[Start of Attachment]

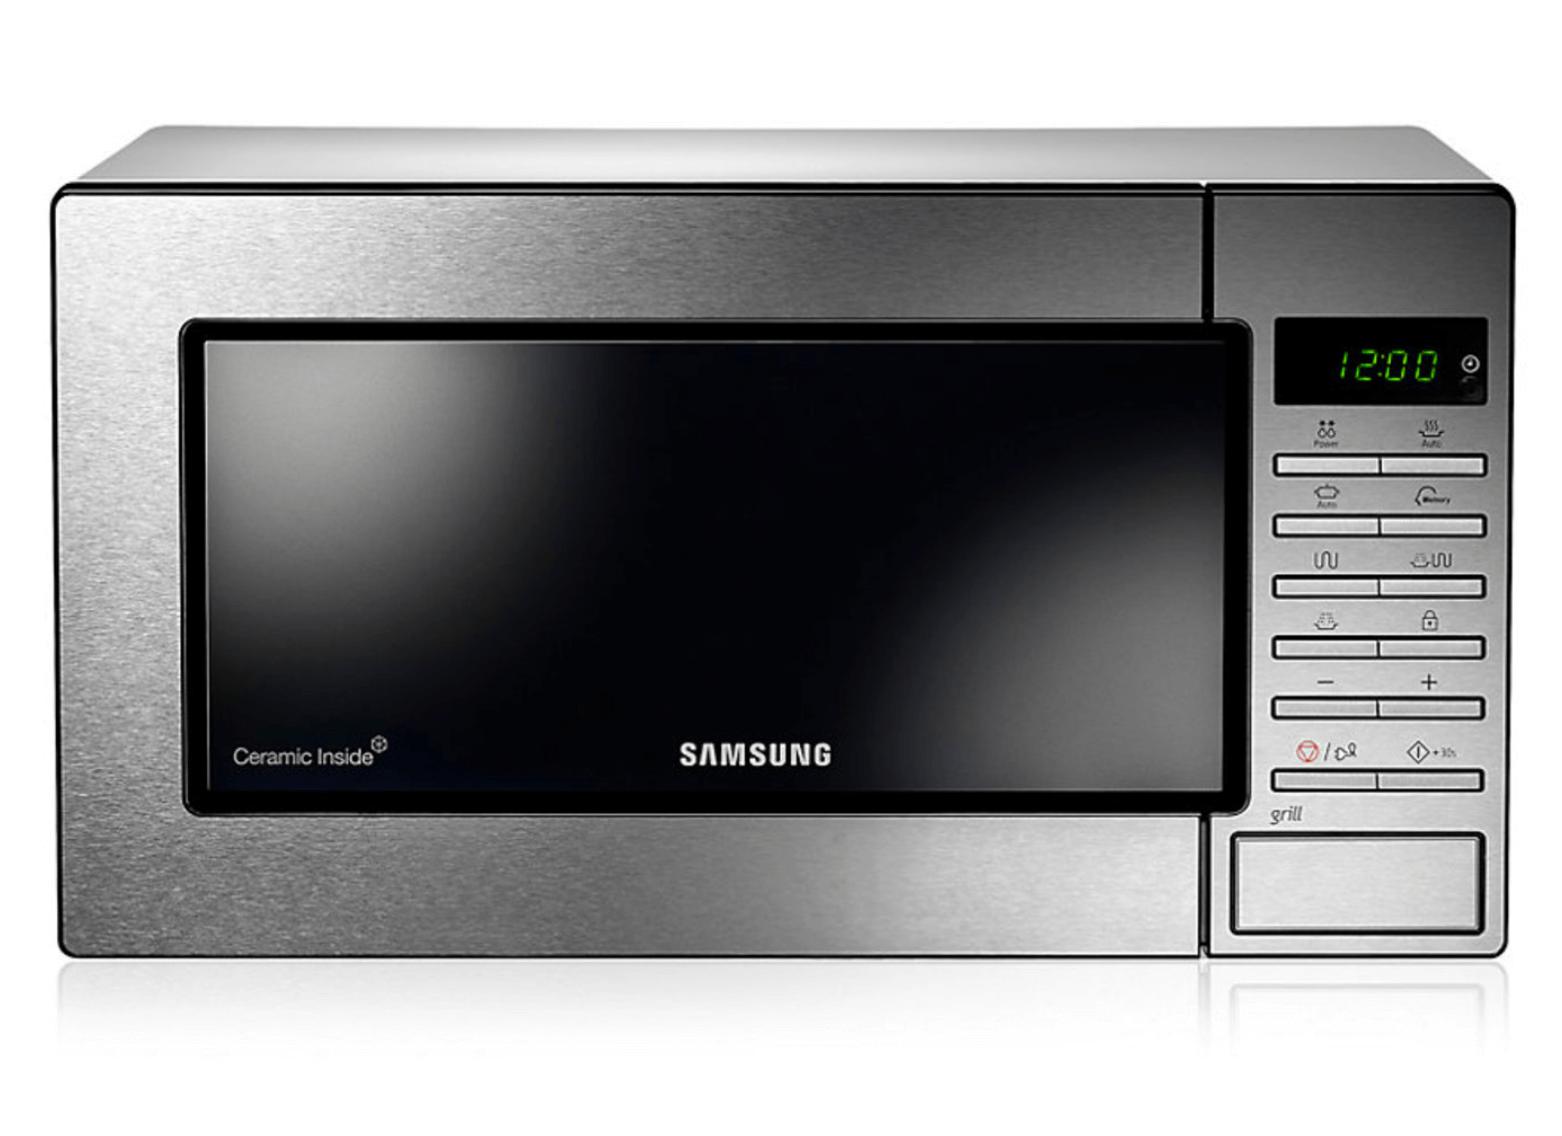 samsung mikroovn - Testvinder – Samsung GE87MC - samsung mikrobølgeovn
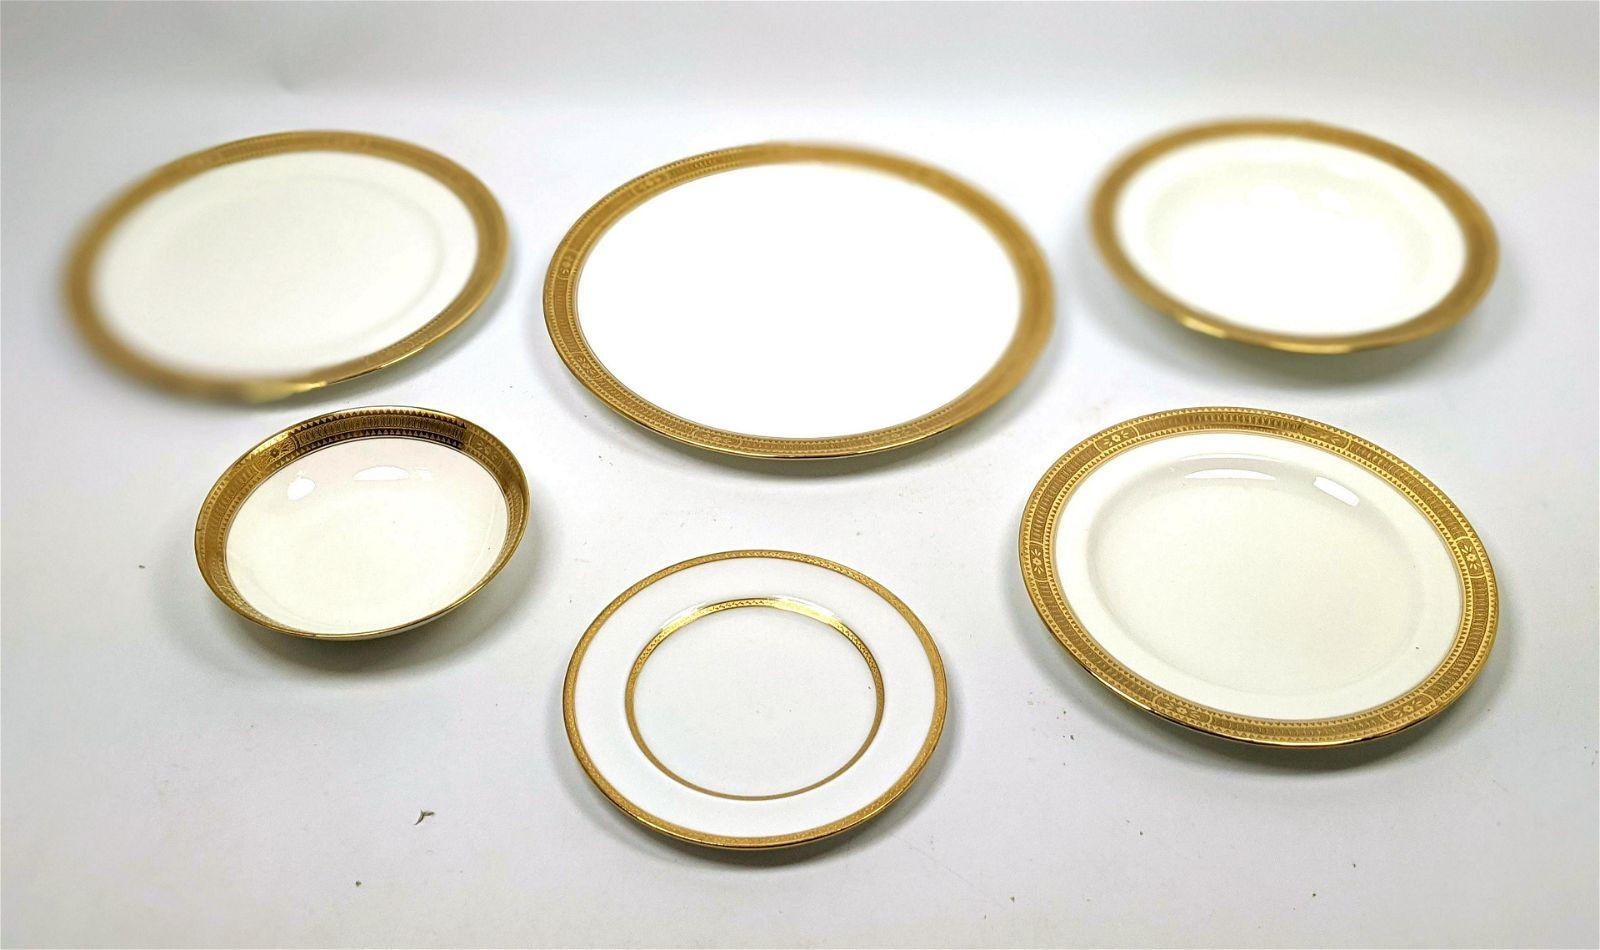 42pc China Dinnerware. 12pc Small plates ROYAL DOULTON.
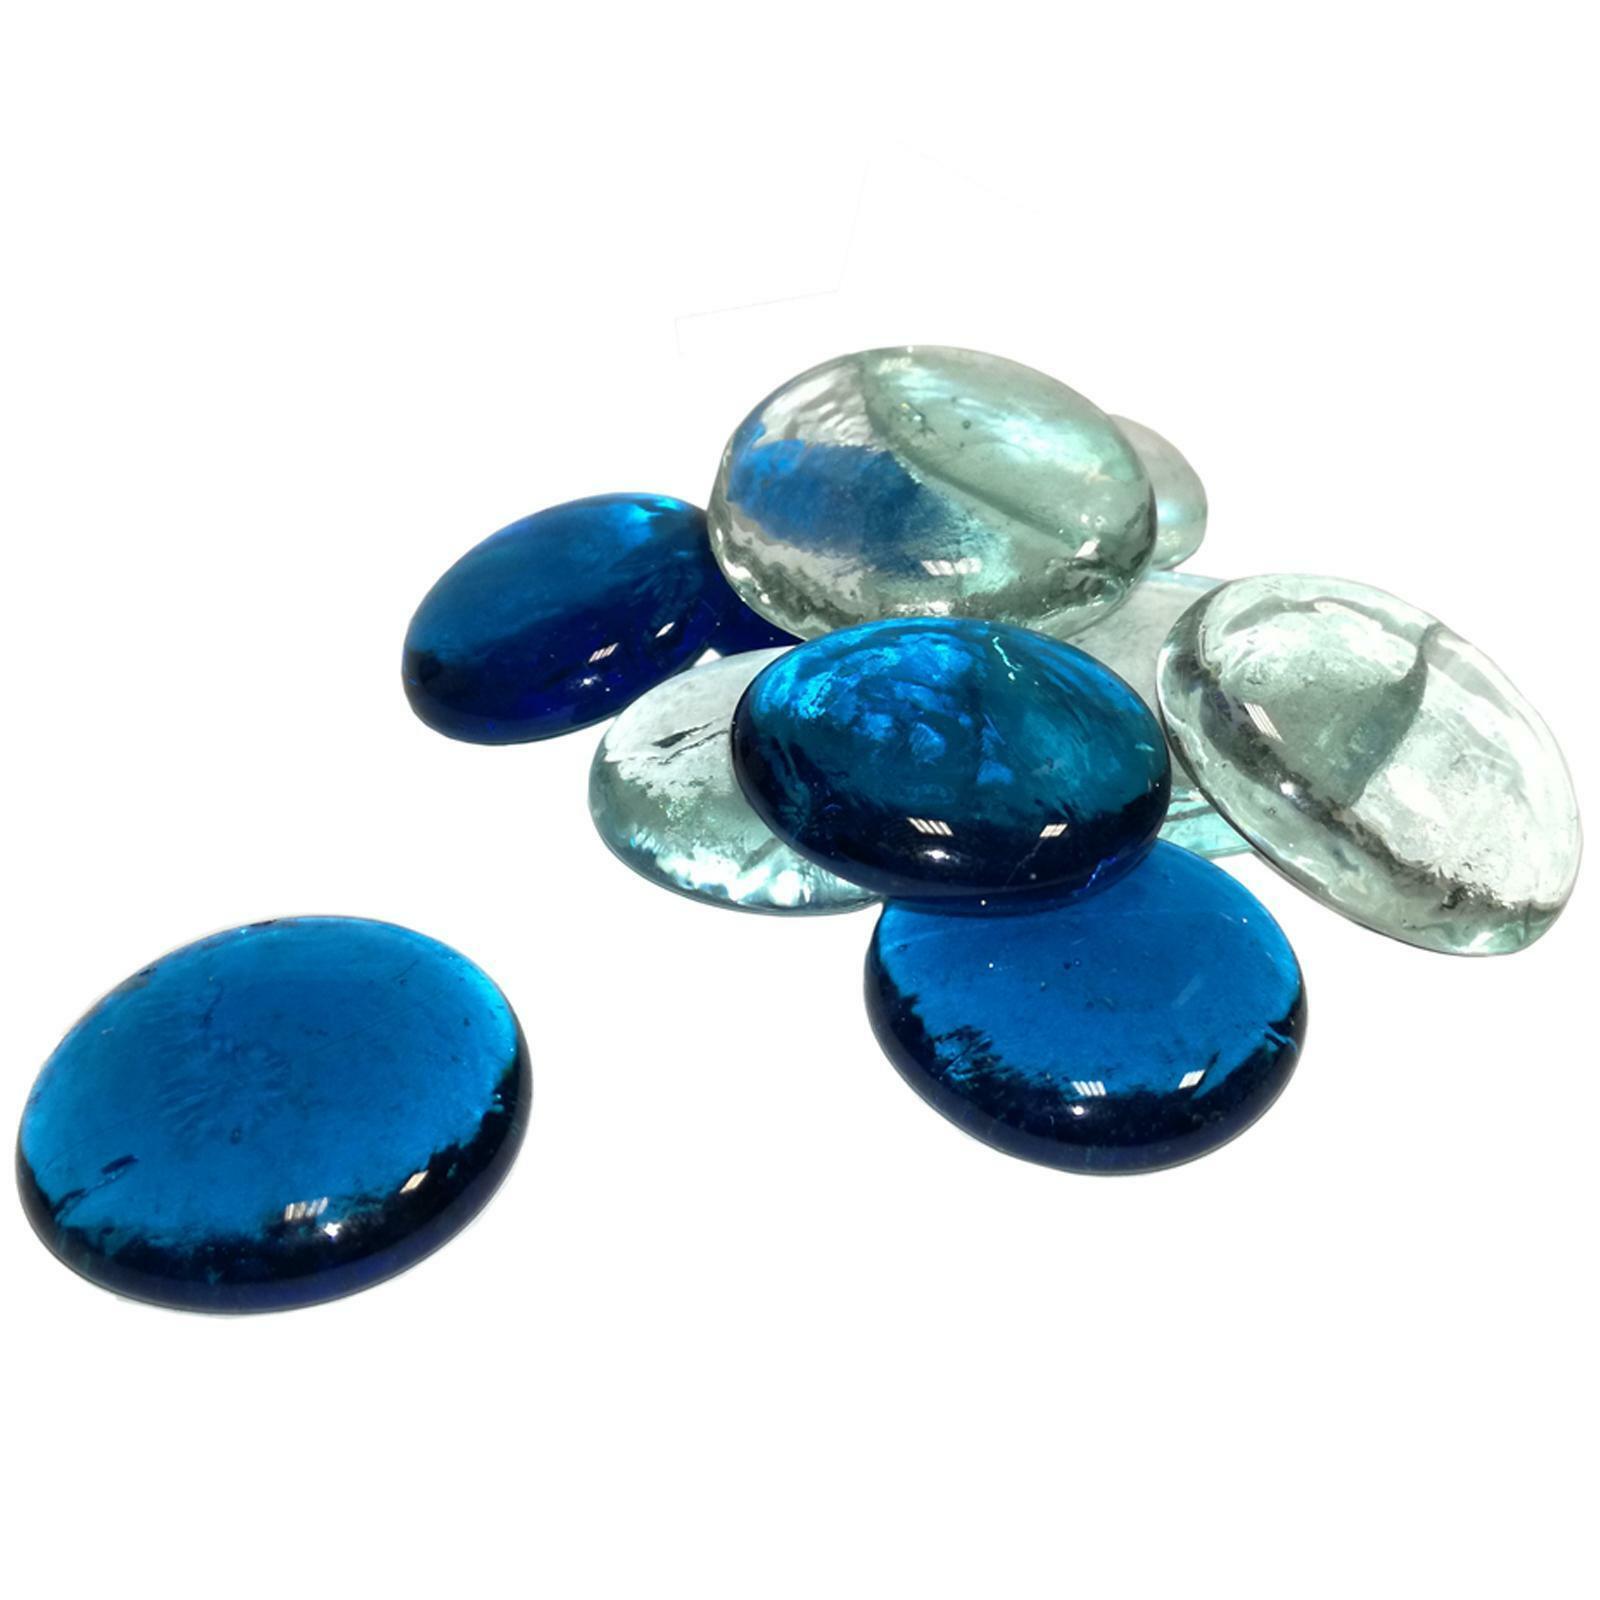 eurosand ciottoli decorativi in vetro mix trasparente/ blu 30 mm (100ml)

[End of Attachment]

PROBLEM REQUIREMENTS >>
Everything in the listing except the pictures must be reproduced exactly.

EXERCISE RESULT >>
 samsung mikroovn - Testvinder – Samsung GE87MC - samsung mikrobølgeovn
 42pc China Dinnerware. 12pc Small plates ROYAL DOULTON.
 eurosand ciottoli decorativi in vetro mix trasparente/ blu 30 mm (100ml)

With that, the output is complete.